Thanks Adam. It took me some time to realize what you recognized
immediately - xptr is useless. Instead I now bind the additional value
which might be provided on event creation in a closure since the C
code never has to deal with it.
And yes, there are many functions missing. For now I just need the
event notification to detect file descritor (or socket) changes.
Regarding your remark, that the RTS multiplexes IO already I am usure
how this works out in practice. The reason I write this wrapper is
that I want a network server which can handle thousands of
connections. And to not require a permanent thread for each I would
like to use something like select in C or Selector in Java. I haven't
found something like this in Haskell, hence the libevent wrapper. If
you have any information how to write something like this without this
wrapper I would be more than happy.
Finally the code still leaks FunPtrs as so far I never free them and
honestly I don't know when to do this. Any ideas?

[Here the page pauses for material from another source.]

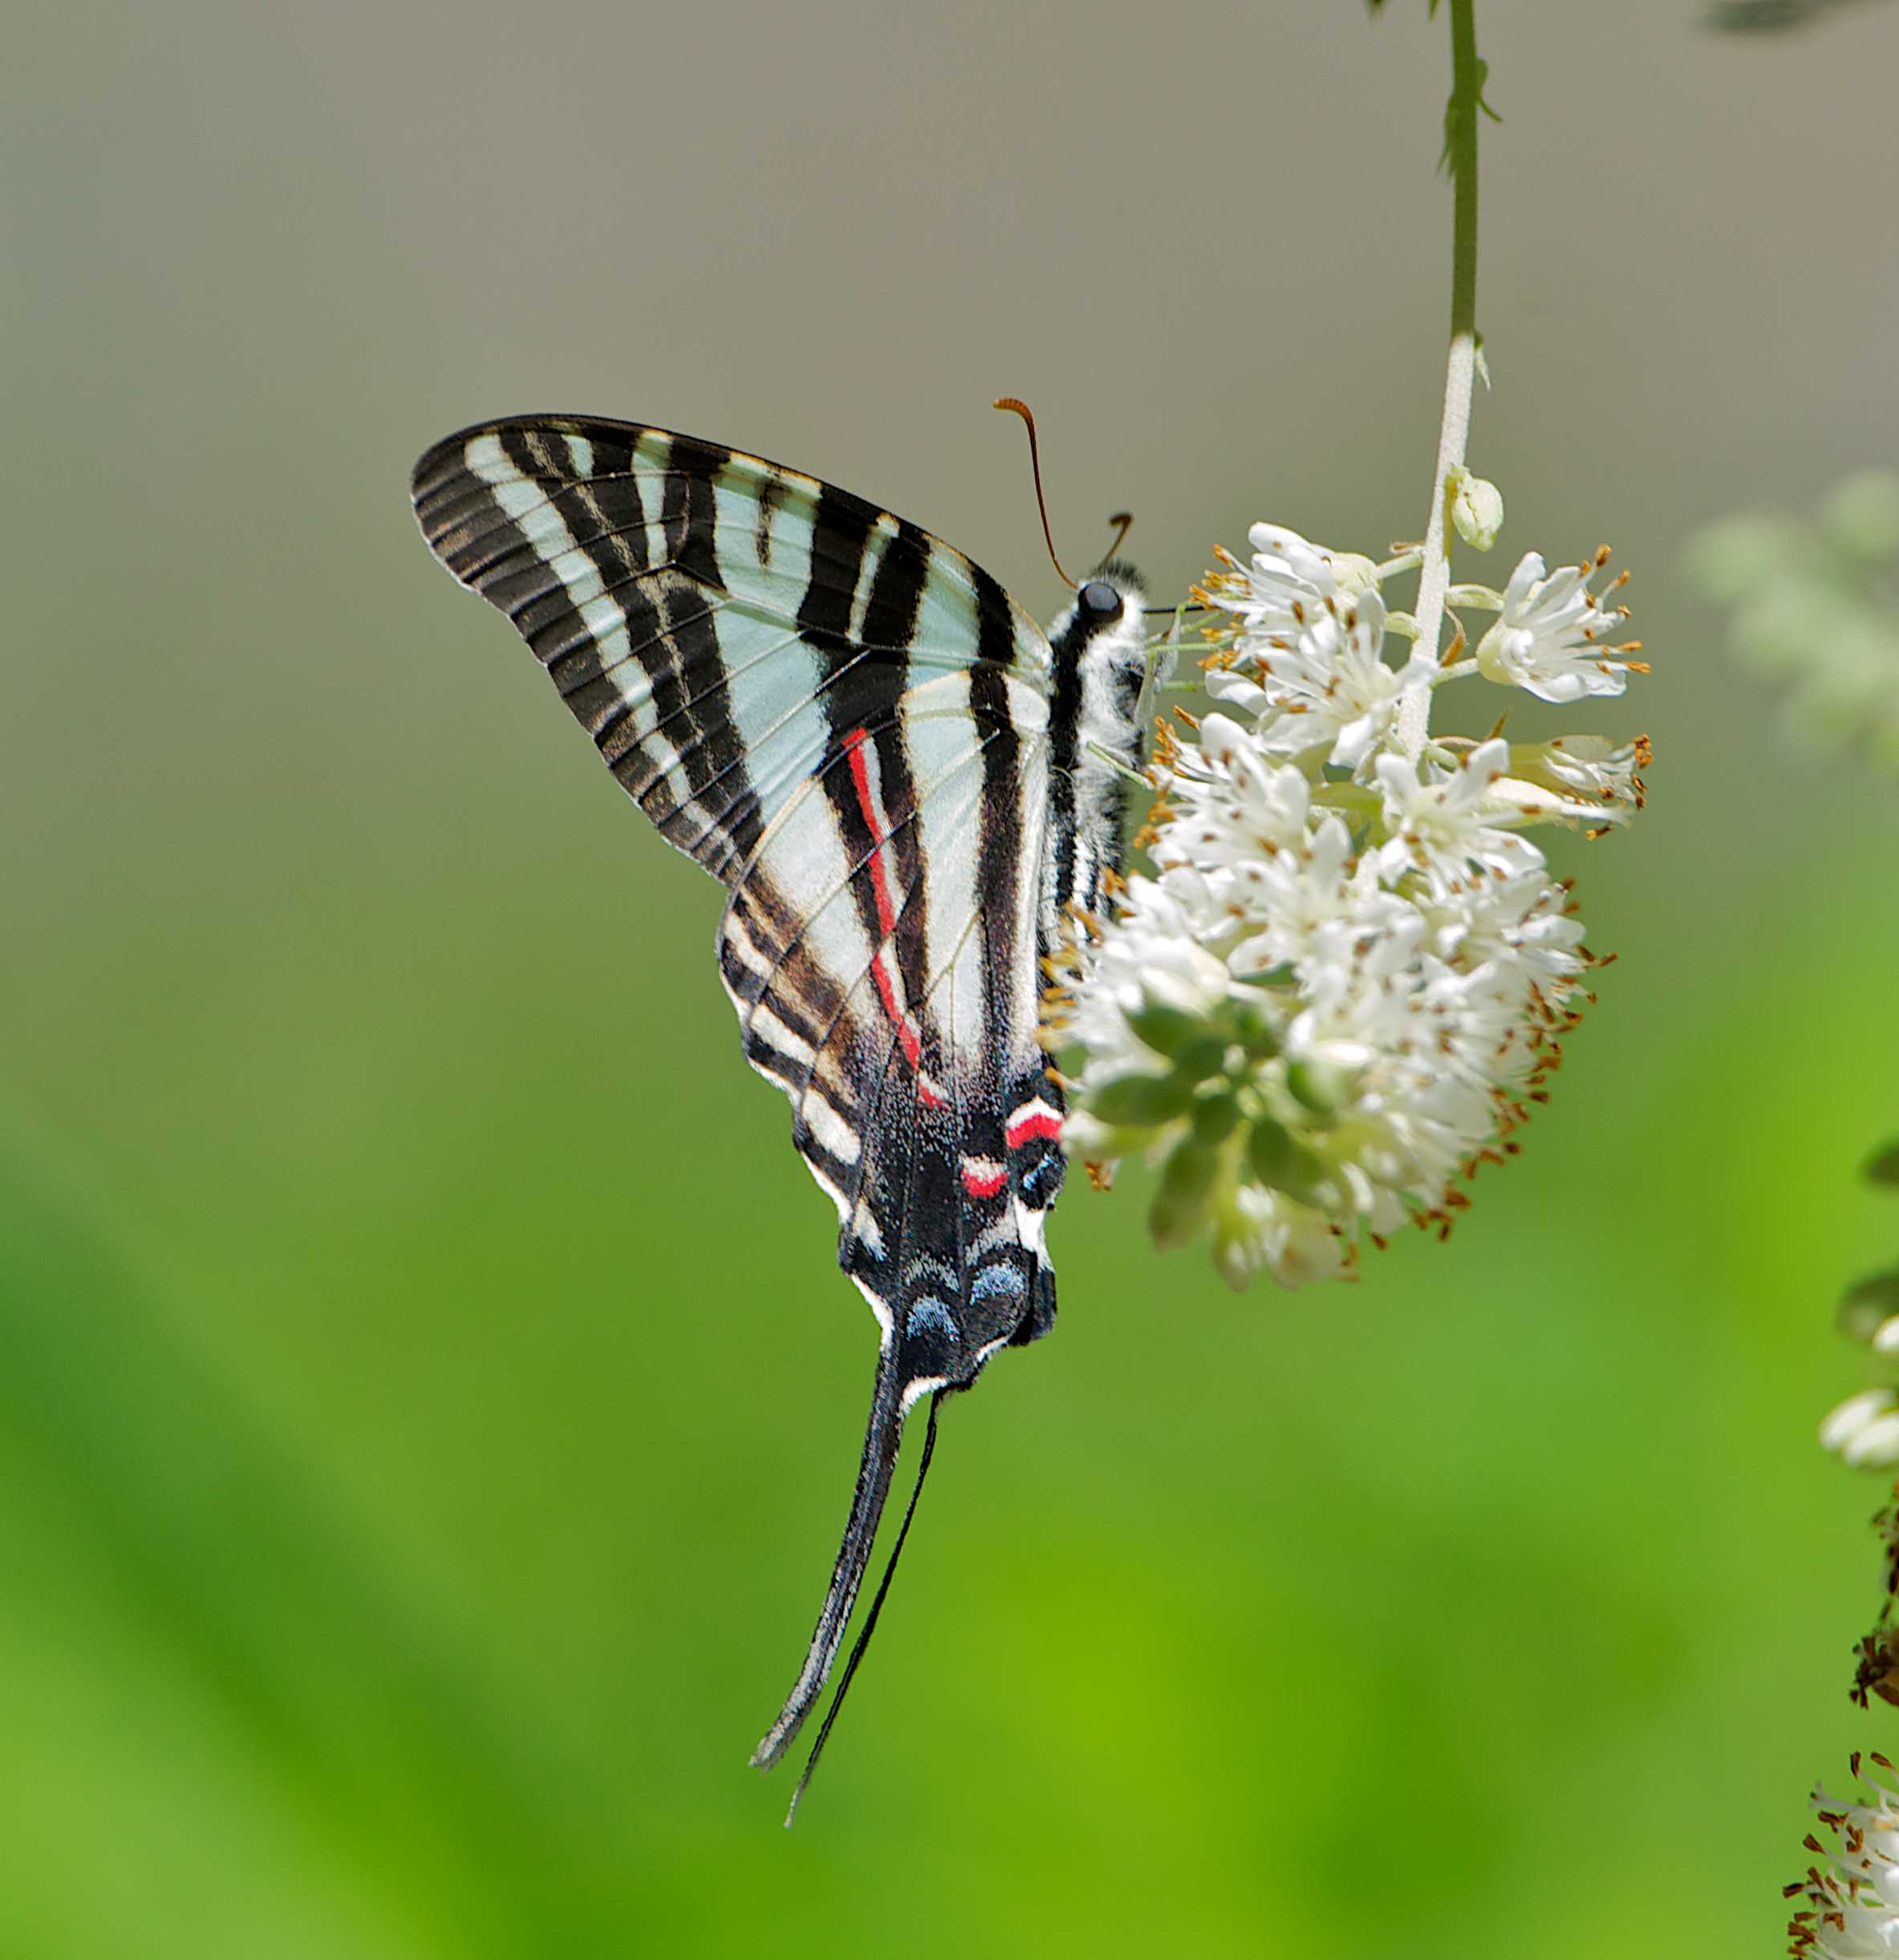 Zebra Swallowtail butterfly on a white flower

For reference I have attached a newer version of the wrapper code
(removed the TimeVal stuff since I don't need it).
Thanks again,
Levi
On Fri, Jul 25, 2008 at 7:21 PM, Adam Langley
2008/7/23 Levi Greenspan
: I would be grateful for any advices, hints or comments. And I really look forward to the FFI section in the "Real World Haskell" book.
Generally it looks pretty good. I think I'm missing some C code (function "wrapper"). However, libevent is an odd choice to wrap. The RTS already multiplexes IO for Haskell programs. In order not to block the RTS, the libevent using code would have to be in its own kernel thread.
Really, the RTS needs to be ported to libevent rather than an FFI wrapping.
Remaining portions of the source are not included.